• Data block:
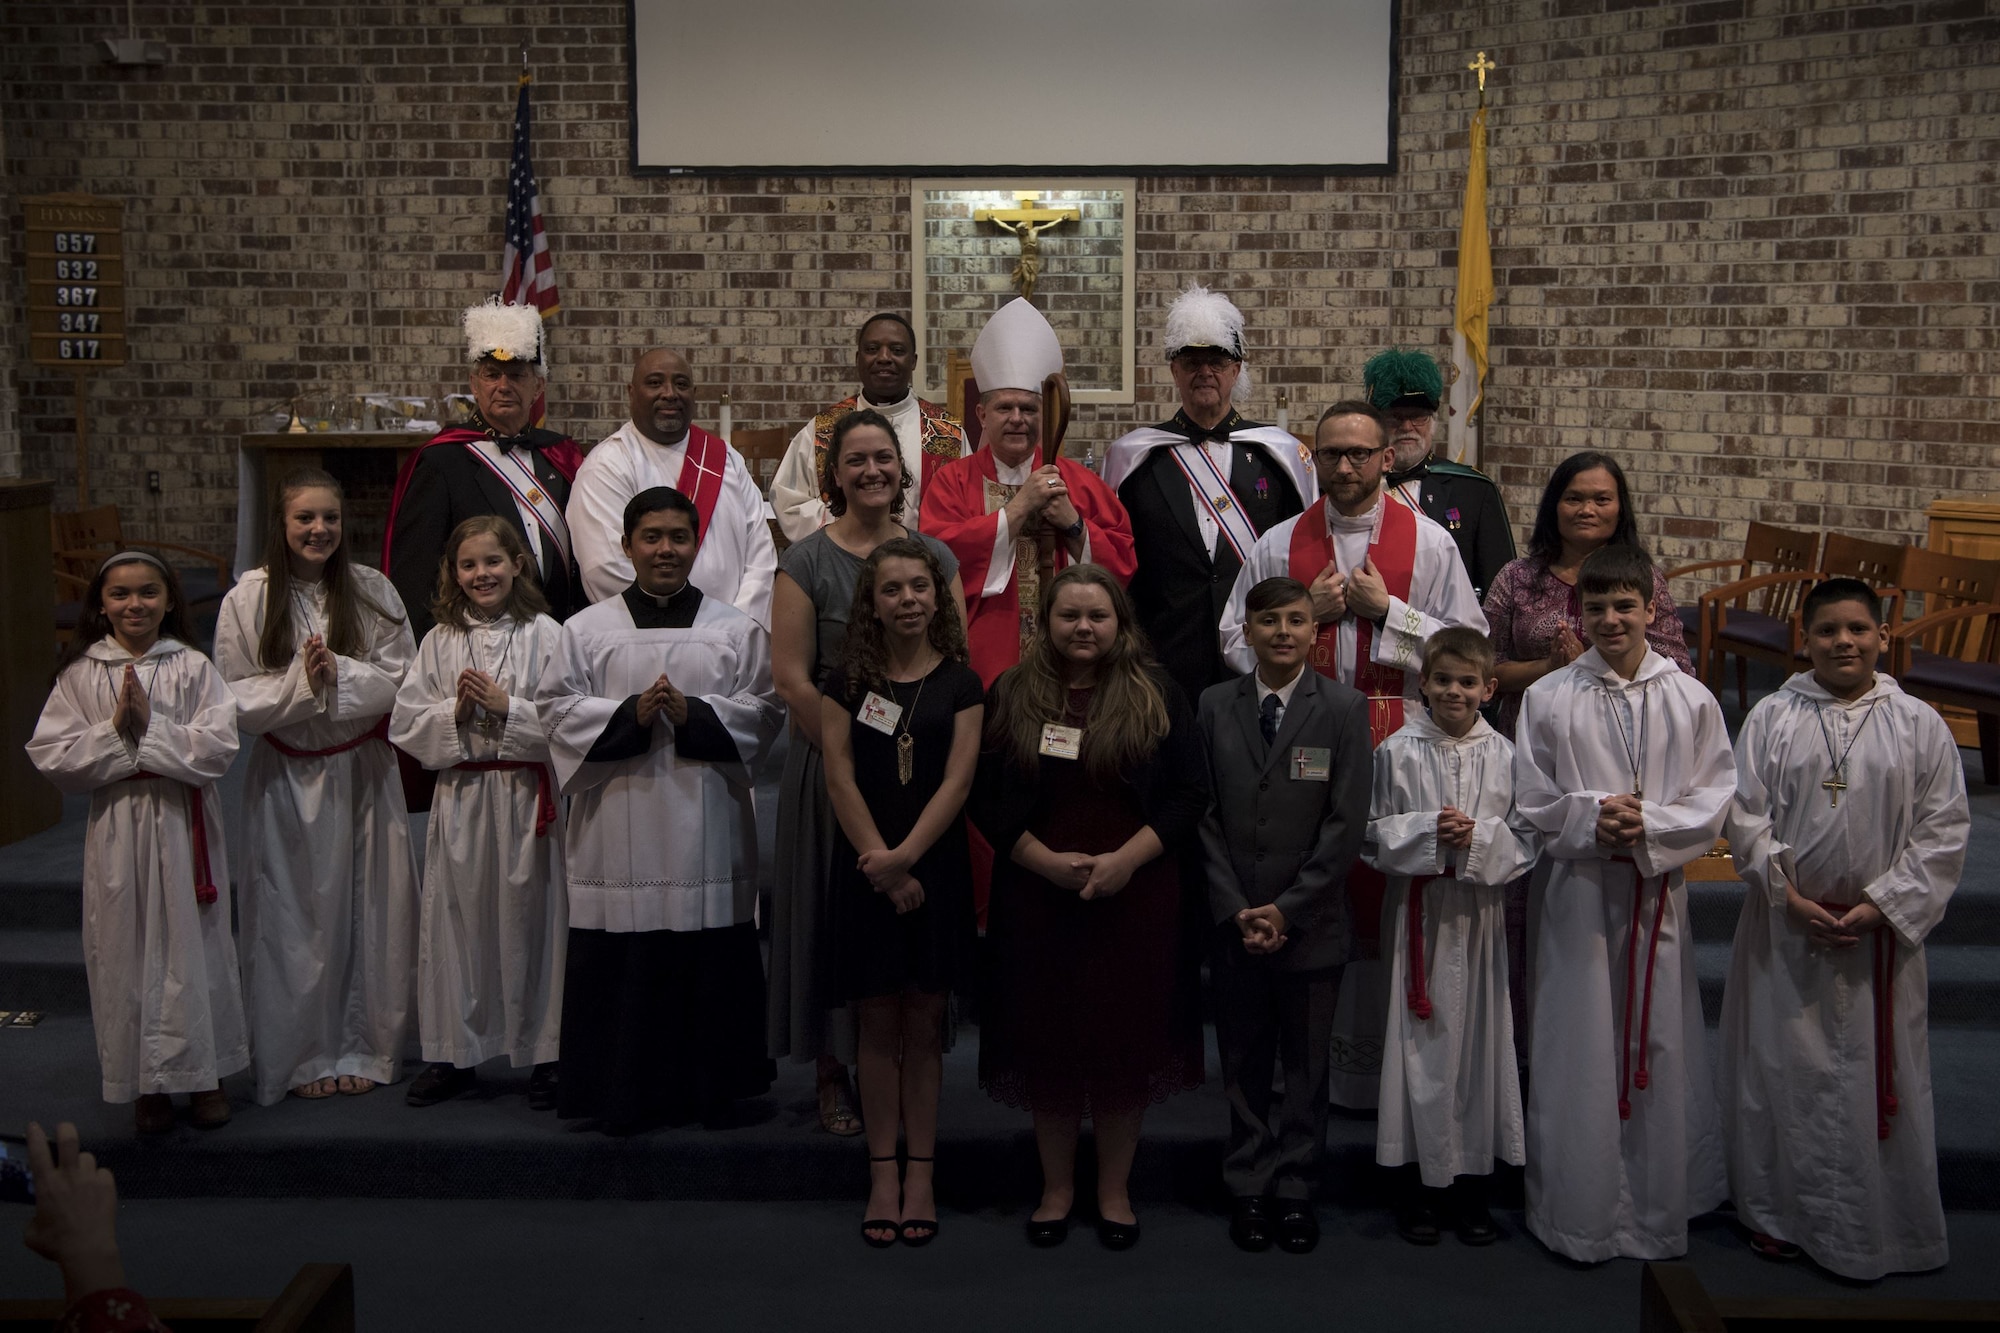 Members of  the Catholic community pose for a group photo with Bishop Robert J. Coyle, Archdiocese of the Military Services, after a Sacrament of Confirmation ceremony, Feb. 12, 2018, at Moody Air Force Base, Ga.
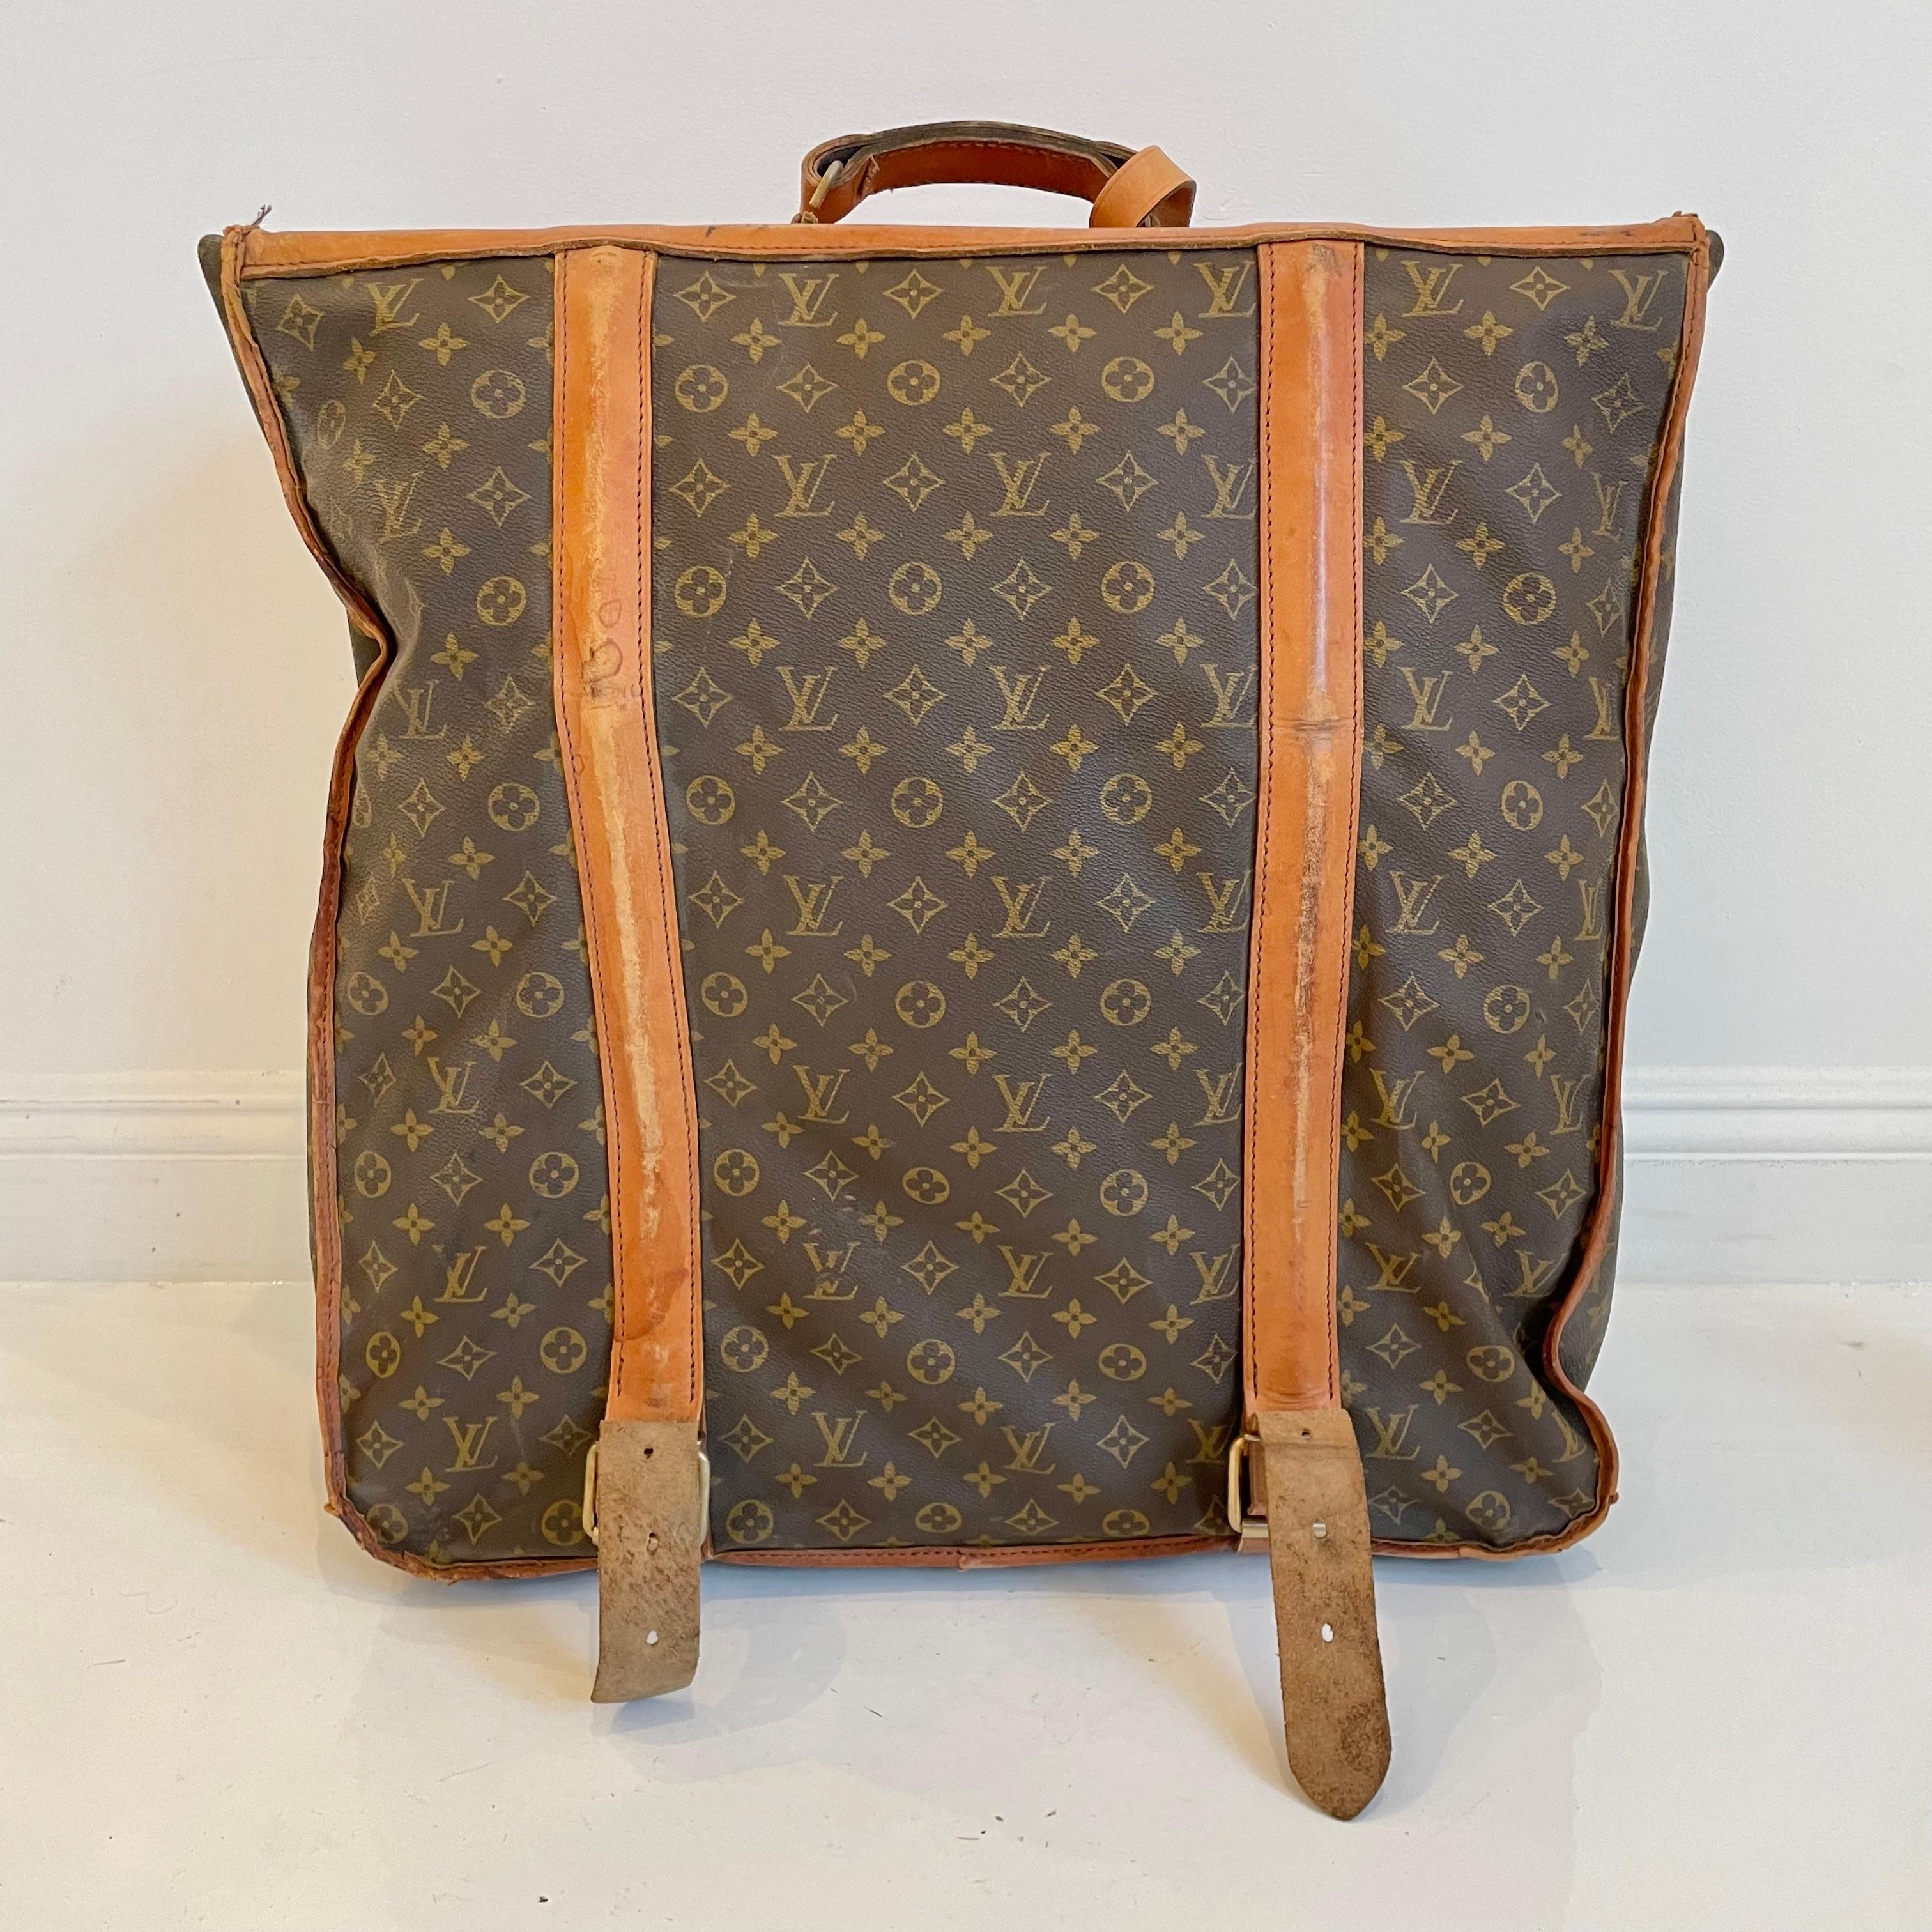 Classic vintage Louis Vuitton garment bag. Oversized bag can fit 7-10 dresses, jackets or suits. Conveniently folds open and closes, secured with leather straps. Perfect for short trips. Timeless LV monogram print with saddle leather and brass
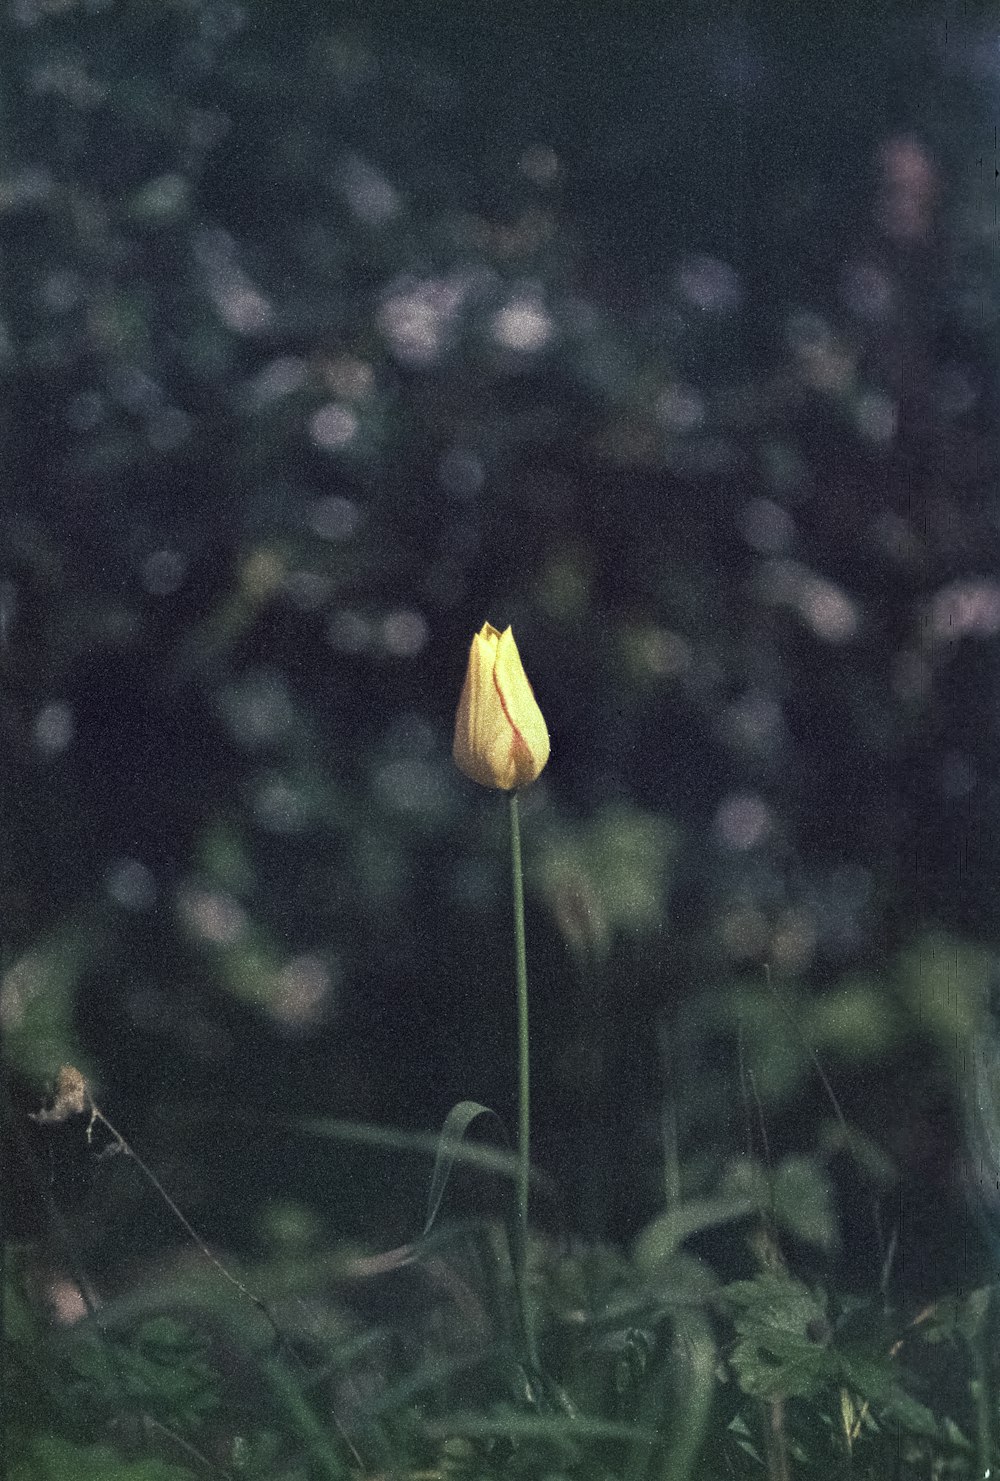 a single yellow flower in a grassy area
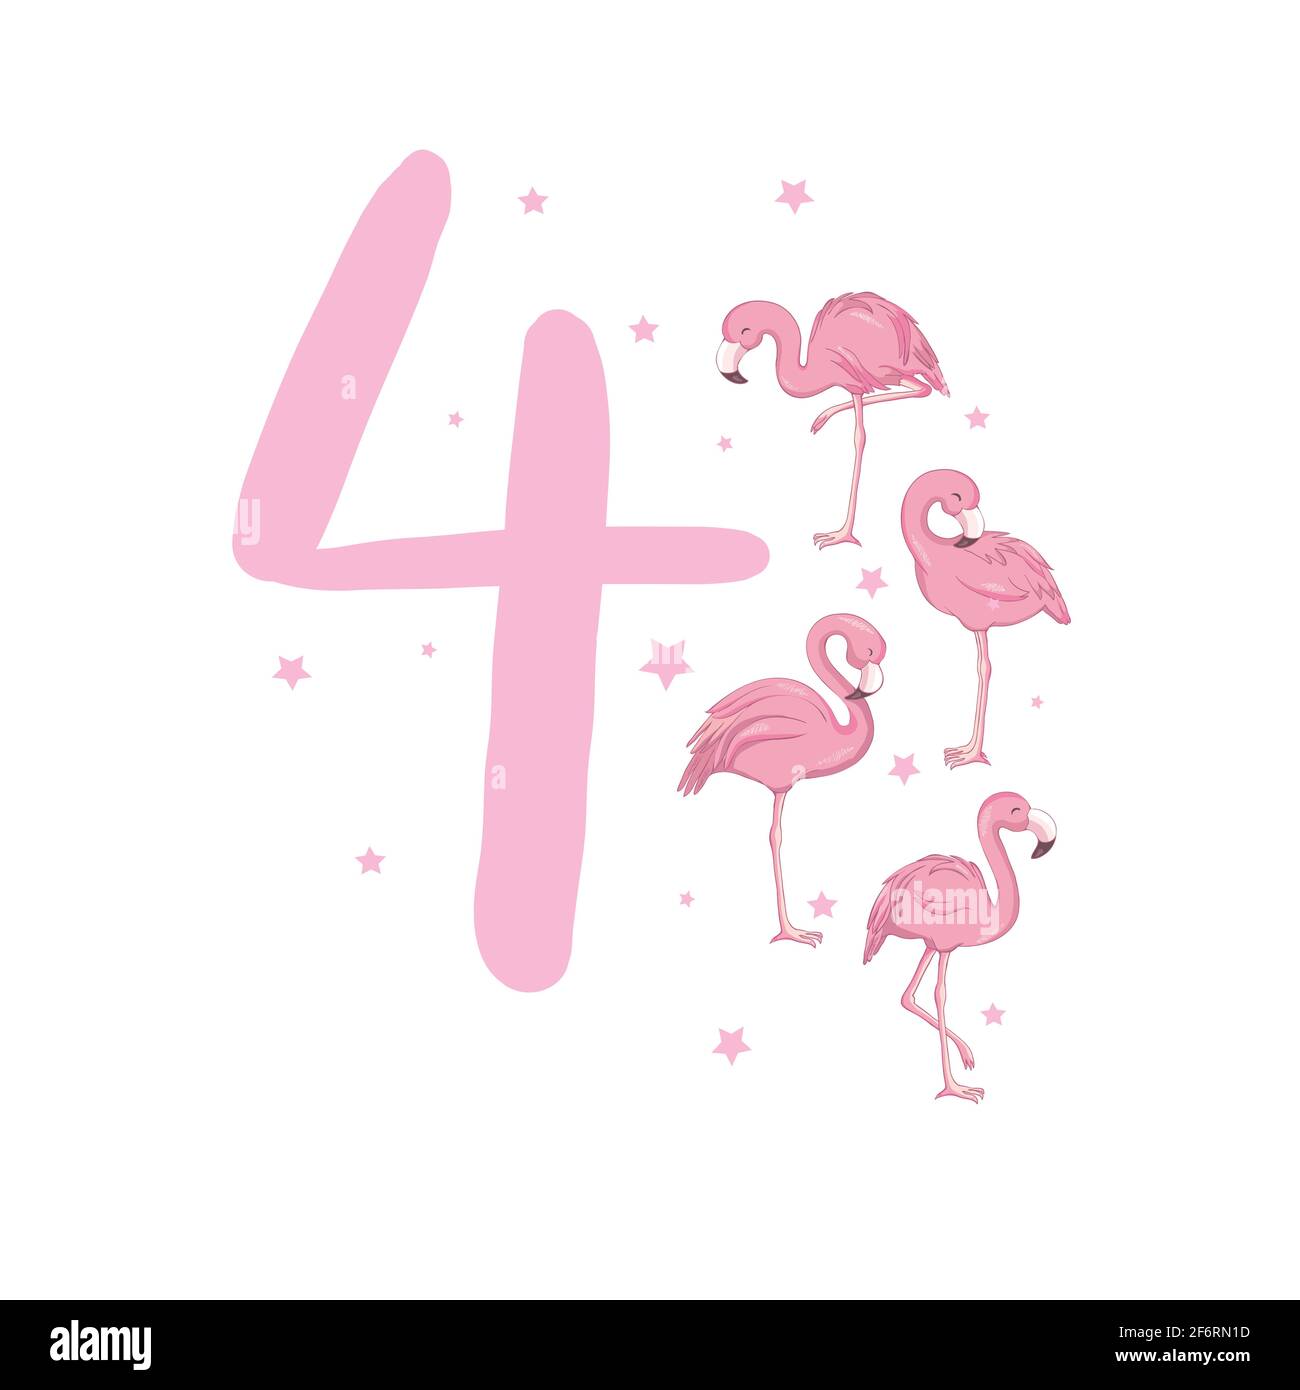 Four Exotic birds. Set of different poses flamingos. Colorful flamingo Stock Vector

• Directions for this task: Nothing but an exact copy of the data, without its images, should make up your answer.

• Output below:
 Members of  the Catholic community pose for a group photo with Bishop Robert J. Coyle, Archdiocese of the Military Services, after a Sacrament of Confirmation ceremony, Feb. 12, 2018, at Moody Air Force Base, Ga.
 Classic vintage Louis Vuitton garment bag. Oversized bag can fit 7-10 dresses, jackets or suits. Conveniently folds open and closes, secured with leather straps. Perfect for short trips. Timeless LV monogram print with saddle leather and brass
 a single yellow flower in a grassy area
 Four Exotic birds. Set of different poses flamingos. Colorful flamingo Stock Vector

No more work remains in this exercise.